The news has made Pedro Sánchez feel bad, who has reacted by attributing it exclusively to the desire to pay less taxes. The clash with businessmen to a certain extent and the middle classes dislike paying taxes. The attitude of the Government heralds a long legal and tax dispute. The Tax Agency may consider that there are no real economic reasons that justify the transfer and therefore prevent the operation from taking advantage of the tax benefits of mergers and oblige it to pay taxes for the increases in equity that arise when updating the value of the assets. assets. It is also possible that the change of headquarters is considered fictitious if the top executives, starting with Del Pino, do not change their tax residence and spend more than half the year in the Netherlands.

But the news of the transfer of Ferrovial is also disturbing for the Madrid president, Isabel Díaz Ayuso, caught between her dream vision of an unbeatable Madrid paradise to attract the world's rich and her unbridled desire to attack the president of the Government on behalf of his clashes with businessmen and the alleged Spanish legal insecurity, one of the arguments used by the company. Madrid has difficulties to play in this global league.

But neither should it be a tasteful dish for the leader of the PP, Alberto Núñez Feijóo, since it implies that the Del Pino family either does not trust the Galician to win the next general elections, or that if he did, it would be inconsequential for the purposes that they care.
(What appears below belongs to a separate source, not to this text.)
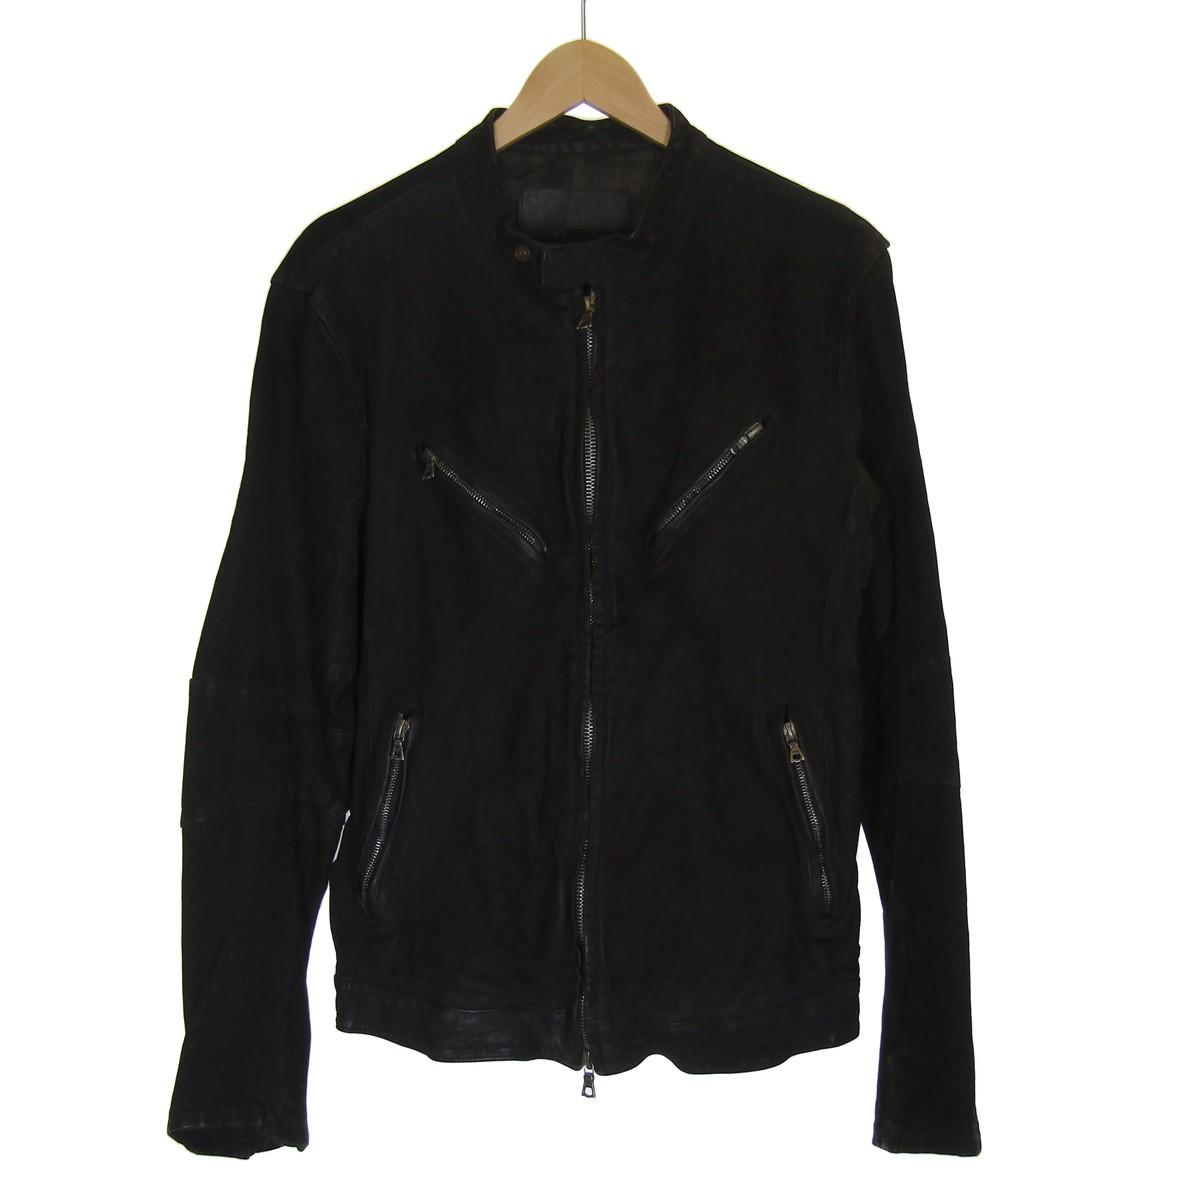 【中古】ISAMU KATAYAMA BACKLASHレザーシングルライダースジャケット ブラック サイズ:L【3月2日見直し】

In addition, the memory of the fiscal policy of Cristóbal Montoro, Mariano Rajoy's finance minister, is still very much alive among the wealthy in the capital, who always accused him of "camouflaged social and social democratic resentment."

There are many private testimonies from big businessmen showing sympathy with Del Pino. Some of them have sent you explicit messages. Neither many nor few, but significant. Enough to think that a resentment against the State has been incubated in the patriciate of money.

It is not just a Spanish dynamic. Trumpism was gestated in the Tea Party, a shaker that stirred up the idea of ​​tax cuts for the rich. As in France, where the pressure in favor of light taxation always pushes President Emmanuel Macron. Even in the United Kingdom, large corporations are studying emigration movements to the Netherlands to avoid the increase in corporate tax, another of the unforeseen consequences of a Brexit that had promised tax gifts that just by announcing them have taken Boris Johnson ahead and Lizz Truss.

It grows with inequality. The more your wealth increases, the more unbearable taxes and regulations become. And it looks for escapes in the heat of the freedom of the movement of capitals. As Warren Buffett said, "There is a class war, to be sure, but it is my class, the rich class, that is waging the war, and we are winning."